On 2018-08-24 9:27 AM, Rolf Eike Beer wrote:
Am 2018-08-24 14:09, schrieb Helge Deller:
> On 2018-08-21 2:31 PM, Rolf Eike Beer wrote:
With this patch I get this timing:
gcc7 - Time: 2018-08-24T01:42:07
gcc6 - Time: 2018-08-24T06:01:27
Somewhere in between 4.17.3 and 4.18.0.
Rolf, I think plain 4.18 kernel misses Dave's speed-up patches:
*
http://git.kernel.org/pub/scm/linux/kernel/git/torvalds/linux.git/commit/?id=7797167ffde1f00446301cb22b37b7c03194cfaf
*
http://git.kernel.org/pub/scm/linux/kernel/git/torvalds/linux.git/commit/?id=3b885ac1dc35b87a39ee176a6c7e2af9c789d8b8
Both patches have been scheduled to be added to 4.18-stable kernel.
I guess I better revert the previous patch from Dave, no?
I would say leave the patch. The big part of the slow down is the sync
barrier in the TLB handler. The above
patches don't address this issue. They should speed up spin locks in
general.
On PA 2.0 SMP machines, we need either a sync or an ordered store to
release a spin lock. Otherwise, the lock
may be released before the other accesses in the lock region are
complete. As a result, the operation isn't
atomic from the perspective of other CPUs.
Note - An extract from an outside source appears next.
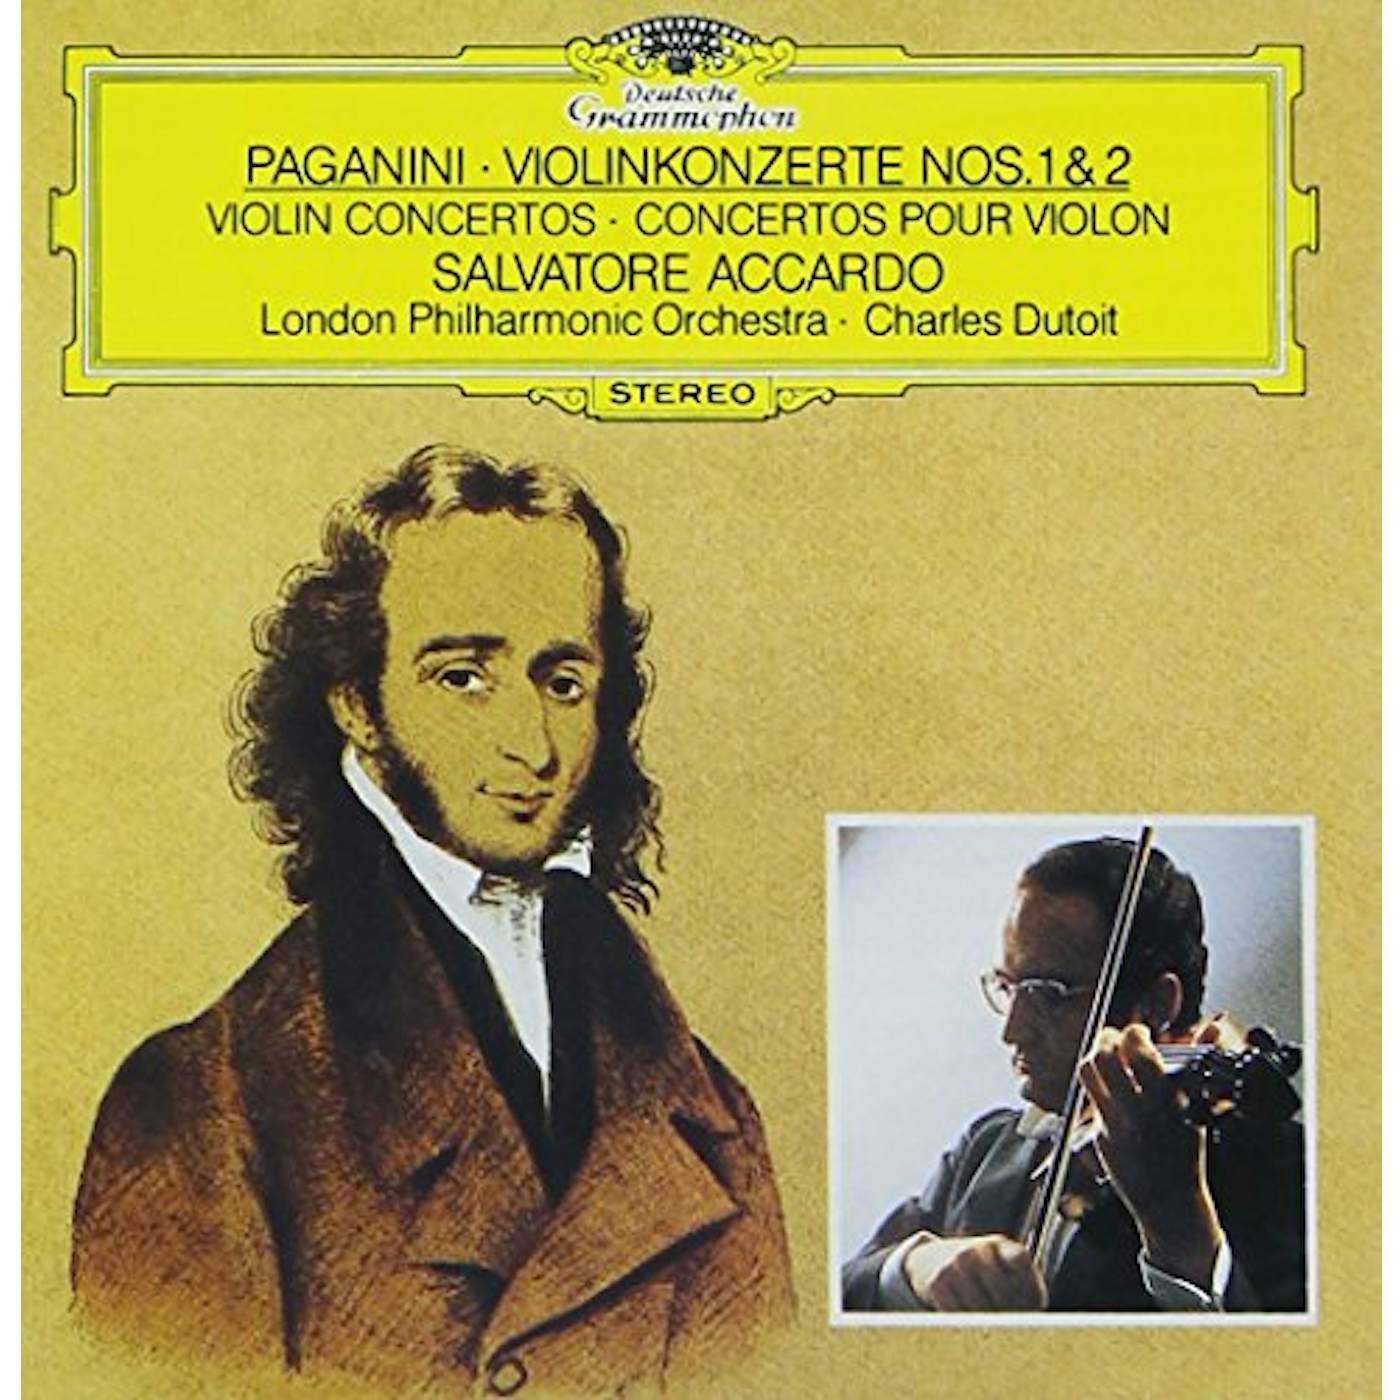 Salvatore Accardo PAGANINI: VIOLIN CONCERTOS NOS.1 & 2 CD

There's no getting around
this issue on PA 2.0 systems.
I plan to look more at using ordered loads and stores in the spin lock
code as they clearly don't impact performance
as much as sync.
Regarding the TLB code, it turned out we were always setting the page
accessed bit for user pages. So, the
code to set it when a user page is accessed is redundant. We need to
lock to update the accessed and dirty bits
atomically. We can keep the current TLB locking code and not set the
page accessed bit in our user page
defines. This should improve swap but the TLB handler is more complex.
Another alternative is to remove
the locking and accessed update code from the TLB handler. This
provides the best performance for TLB
inserts but swap performance will be worse since we don't track the
accessed bit.
Dave
--
John David Anglin dave.anglin@xxxxxxxx